[ [101] Boulton to Wedgwood, January, 1769.—Wedgwood was one of his most intimate friends; the two alike aiming at excellence in their respective branches of production. Their kindred efforts seem to have excited the ire of some satirist, whose effusion against them in the ‘Public Ledger’ is thus referred to in the postscript of a letter from Wedgwood to Boulton, dated 19th February, 1771:—“If you take in the ‘Public Ledger’ you’ll see that Mr. Antipuffado has done me the honour to rank me with the most stupendous geniuses of the age, and has really cut me up very cleanly. He talks, too, that he should not wonder if some surprising genius at Birmingham should be tempted to make Roman medals and tenpenny nails, or Corinthian knives and daggers, and style himself Roman medal and Etruscan tenpenny nail-maker to the Empress of Abyssinia. But see the paper: I believe it is the first week in February, and is one of the better sort of this class.”—Boulton MSS.

[ [102] The clocks, with several other articles, were sent out to Russia, and submitted to the Empress through the kindness of Earl Cathcart. His lordship, in communicating the result to Mr. Boulton, said—“I have the pleasure to inform you that her Imperial Majesty not only bought them all, last week, but did me the honour to tell me that she was extremely pleased with them, and thought them superior in every respect to the French, as well as cheaper, which entitled them in all lights to a preference.”

[ [103] Pet names of his two children, Matthew Robinson and Anne Boulton.

[ [104] These letters are without date, but we infer that they were written in the summer of 1767.
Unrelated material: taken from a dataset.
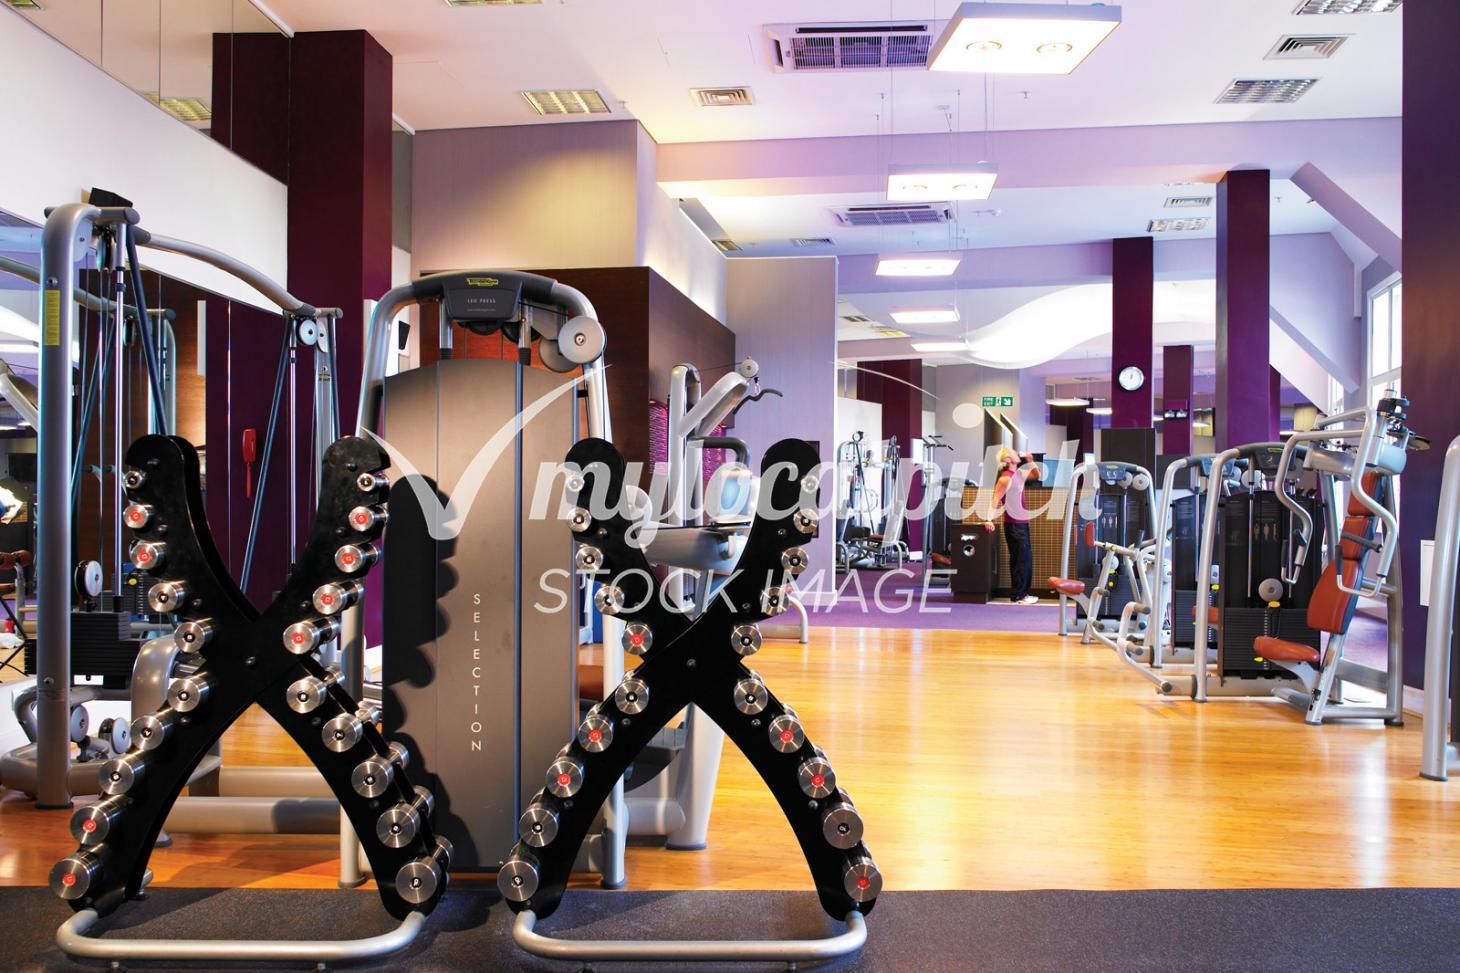 Broughton Leisure Centre Gym gym

[ [105] Boulton to the Duke of Richmond, April 8, 1770. The Duke was engaged at the time in preparing a set of machines for making the various experiments in Natural Philosophy described in S’Gravande’s book. The Duke was himself a good turner and worker in metal.

[ [106] The manufactory was complete so far as regarded the hardware manufacture. But additions were constantly being made to it; and, as other branches of industry were added, it became more than doubled in extent and accommodation.

[ [107] Boulton to John Taylor, 23rd January, 1769. Boulton MSS.

[ [108] When the canal came to be constructed at the point at which it passed Soho, it occasioned him great anxiety through the leakage of the canal banks and loss of water for the purposes of his manufactory. The supply, especially in dry summers, was already too limited; but the canal threatened to destroy it altogether. Writing to Mr. Thomas Gilbert, M.P., on the subject in February, 1769, he said, “The very holes which Mr. Smeaton hath dug to try the ground, drink up the water nearly as fast as you can pour it in.... Let Smeaton or Brindley, or all the engineers upon earth give what evidence they will before Parliament, I am convinced by last summer’s experience that if the proprietors of the canal continue to take the two streams on which my mill depends, it is ruined. I might as well have built it upon the summit of the hill.” After the act had passed he wrote his friend Garbett, “I have seen the testimony of the two engineers, Smeaton and Yeoman, but I value the opinions of neither of them, nor of Brindley nor Simcox (in this case), nor of the whole tribe of jobbing ditchers, who are retained as evidence on any side which first applies for them.” His alarms, however, proved unfounded, as the leakage of the canal was eventually remedied; and in November, 1772, we find him writing to the Earl of Warwick, “Our navigation goes on prosperously; the junction with the Wolverhampton Canal is complete; and we already sail from Birmingham to Bristol and to Hull.”—Boulton MSS.

[ [109] Among Boulton’s scientific memoranda, we find some curious speculations, bearing the date of 1765, relative to improvements which he was trying to work out in gunnery. He proposed the truer boring of the guns, the use of a telescopic sight, and a cylindrical shot with its end of a parabolic form as presenting in his opinion the least resistance to the air.

[ [110] On the 22nd May, 1765, Franklin writes Boulton,—“Mr. Baskerville informs me that you have lately had a considerable addition to your fortune, on which I sincerely congratulate you. I beg leave to introduce my friend Doctor Small to your acquaintance, and to recommend him to your civilities. I would not take this freedom, if I were not sure it would be agreeable to you; and that you will thank me for adding to the number of those who from their knowledge of you must respect you, one who is both an ingenious philosopher and a most worthy honest man. If anything new in magnetism or electricity, or any other branch of natural knowledge, has occurred to your fruitful genius since I last had the pleasure of seeing you, you will by communicating it greatly oblige me.”